I wasn't that surprised, really, to read that women who had swelling of the arm after having had breast cancer or surgery on the same side benefit from weight lifting. Generally, when you use your body the way it was designed to be used, you get health benefits.
Weight lifting has traditionally been strongly discouraged in patients with so-called breast cancer lymphedema (arm swelling), due to fears that exercise could worsen the swelling. Schmitz et al performed a randomized controlled trial to see if that assumption was true. They randomly assigned women with stable breast cancer lymphedema to twice-weekly weight lifting or to no weight lifting, and found no difference in lymphedema in women in the two groups after the trial. They also found that women who were in the weight-lifting group had more upper AND lower body strength than those who did not lift weights.
This finding is important because we know that women who exercise are less likely to die from breast cancer than those who do not.
What is not known is whether prescribing exercise in women with or without breast cancer will reduce their likelihood of death from breast cancer. This is an important difference. It may be that women who happen to exercise are different in some important way than women who prefer not to exercise, and that it is not the exercise that makes the difference in breast cancer survivorship, but something else altogether.

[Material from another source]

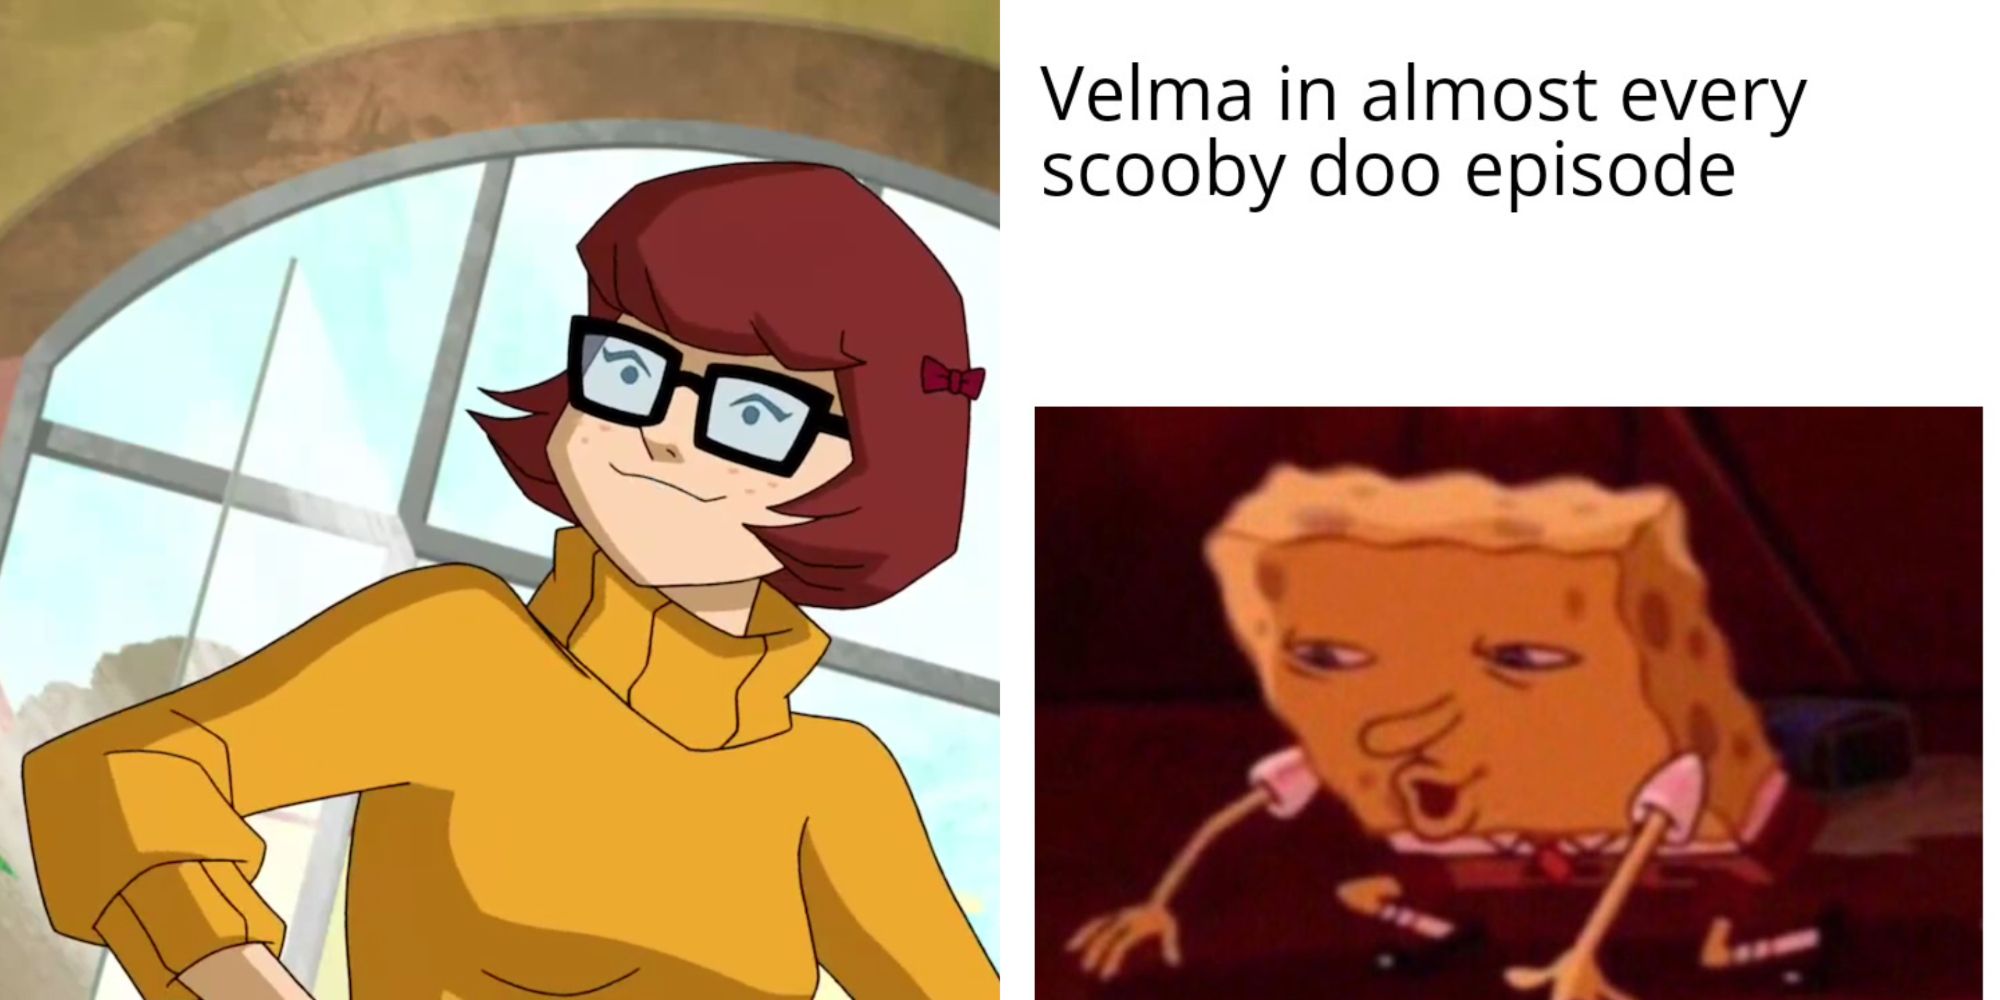 Velma smirks as Spongebob looks for his glasses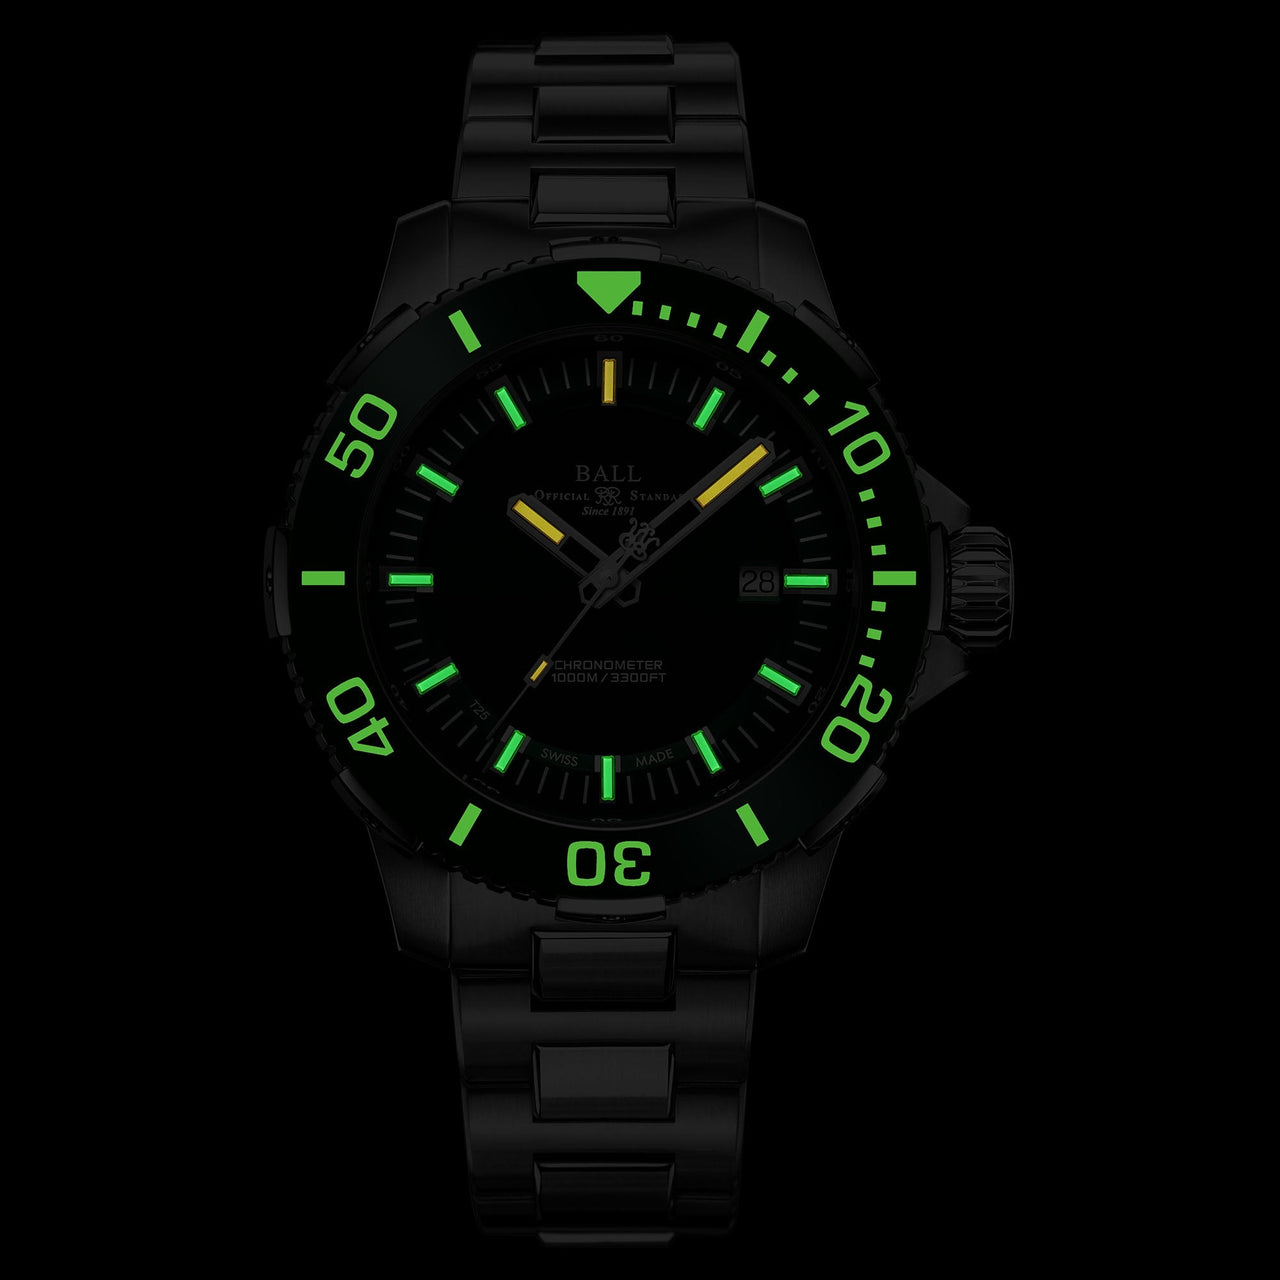 Automatic Watch - Ball Engineer Hydrocarbon Deep QUEST Ceramic Men's Green Watch DM3002A-S4CJ-GR

Maybe it has to do with body mass index or diet.
Researchers for the Yale exercise and survivorship study aim to answer that question. They randomized 75 breast cancer survivors to either exercise, with a goal of 30 minutes of aerobic exercise 5 days a week for 6 months, or usual care. By allocating patients to each of the trial arms in a randomized way, the researchers reduce the chance that factors other than the trial intervention (exercise) could influence the result of the trial. While the clinical outcome measure of the trial has not been published yet, some preliminary data is available: patients who adhered to the trial intervention (exercise) were more likely to be thin than those who did not adhere to the trial intervention.
So the jury is still out as to whether exercise (as an intervention) prevents breast cancer death, but women with breast cancer who want the health benefits that come with increased strength should openly discuss their own risk and benefit profile with their physician.